Far Western Portion Of Paradise Divide Area

CB Avalanche Center2019-20 Observations

Location: Paradise Divide Area
Date of Observation: 04/17/2020
Name: Evan Ross
Subject: Far Western Portion Of Paradise Divide Area
Aspect: North, East, South
Elevation: 9,000-12,800

Avalanches: Plenty of Wind Slabs form yesterday’s cycle to be viewed. Call it 20 or so. Vast majority were D1 to D1.5. 2″ to 5″ crowns. A few D2’s with crowns up to around 20″ thick. Most crowns didn’t propagate widely across the majority of the start zone, while a few of the larger ones had some good propagation. There is still something to be said for a propagating 2″ slab. North to east to south near and above treeline covered the majority of the activity, I didn’t see anything on west.

Weather: Beautifully day. Few clouds and the winds in the alpine remained calm to light.

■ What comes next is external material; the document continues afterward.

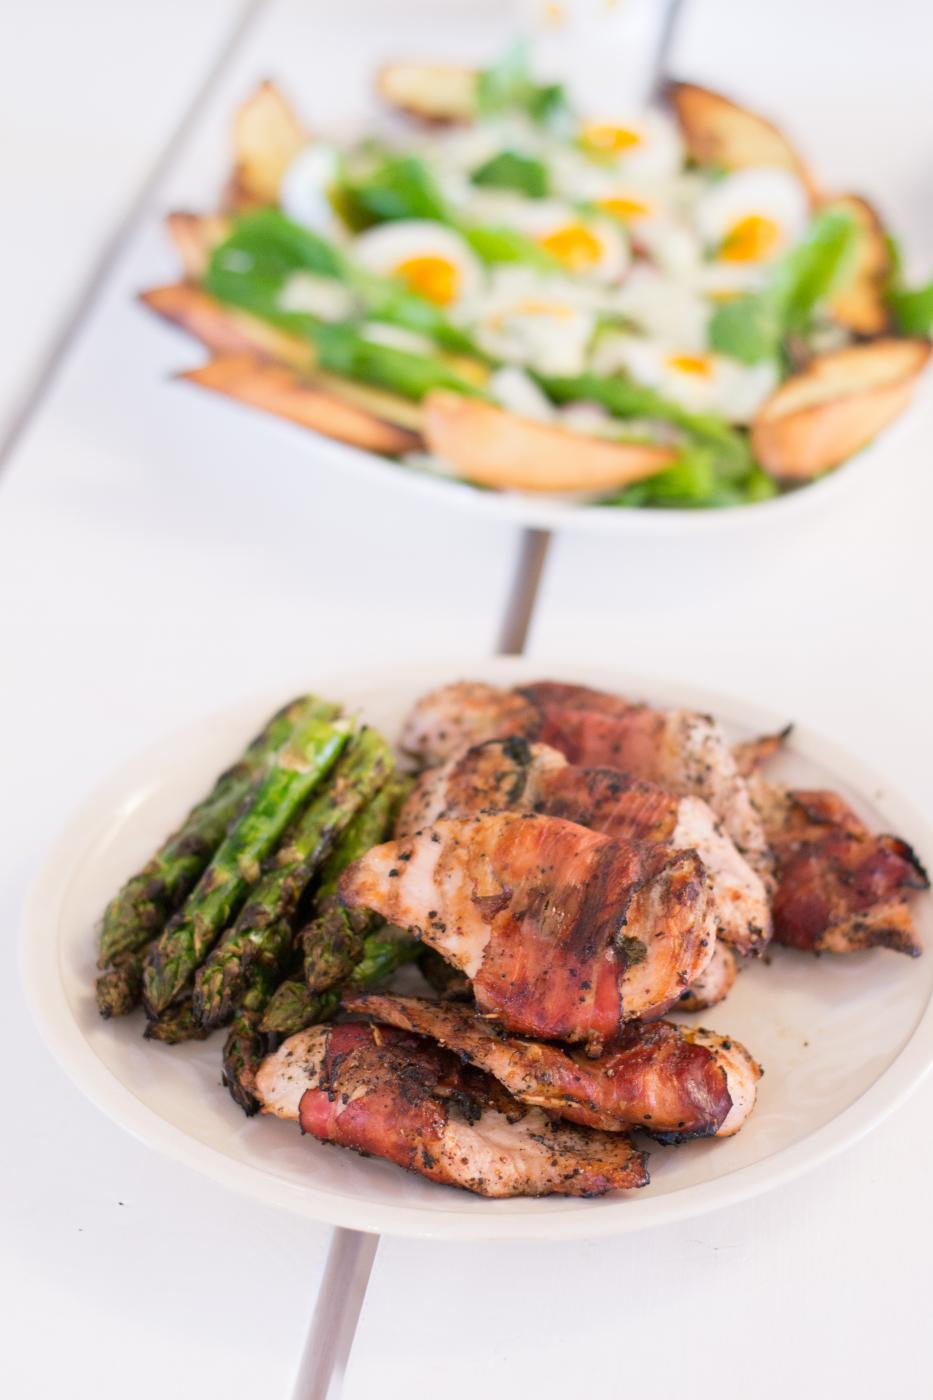 Broileri-saltimbocca grillissä

Snowpack: Yesterday’s wind event did a better job then I expected, of pressing the snow into terrain versus stripping it back to the old snow surface. Some slopes were of course blown back to the old snow surface, most had at least 2 inches, to 2 feet of new snow on them. Maybe 18″ of new snow in this snow favored area, but it feels silly to give a number with all the variability out there.

The facets and soft crusts around the old snow surface were something to keep in mind. We chose to ski some wind-loaded terrain and avoid others. So the assessment portion was there. No obvious signs of instability. The new snow was either very light, thin with a little cohesion, or thick and set up.

The northerly slopes in the alpine stayed dry. While many others were feeling the effects of the strong April sun. I suspect that many of those sunny slopes with thin slabs will be crusty tomorrow.

Regarding wet snow avalanches, we spent most of our day at upper elevations. The thick or wind pressed snow seemed to limit loose wet avalanches as the recent snow transitioned today. Rollerballs and a couple loose wet avalanches were observed mainly below about 11,000ft.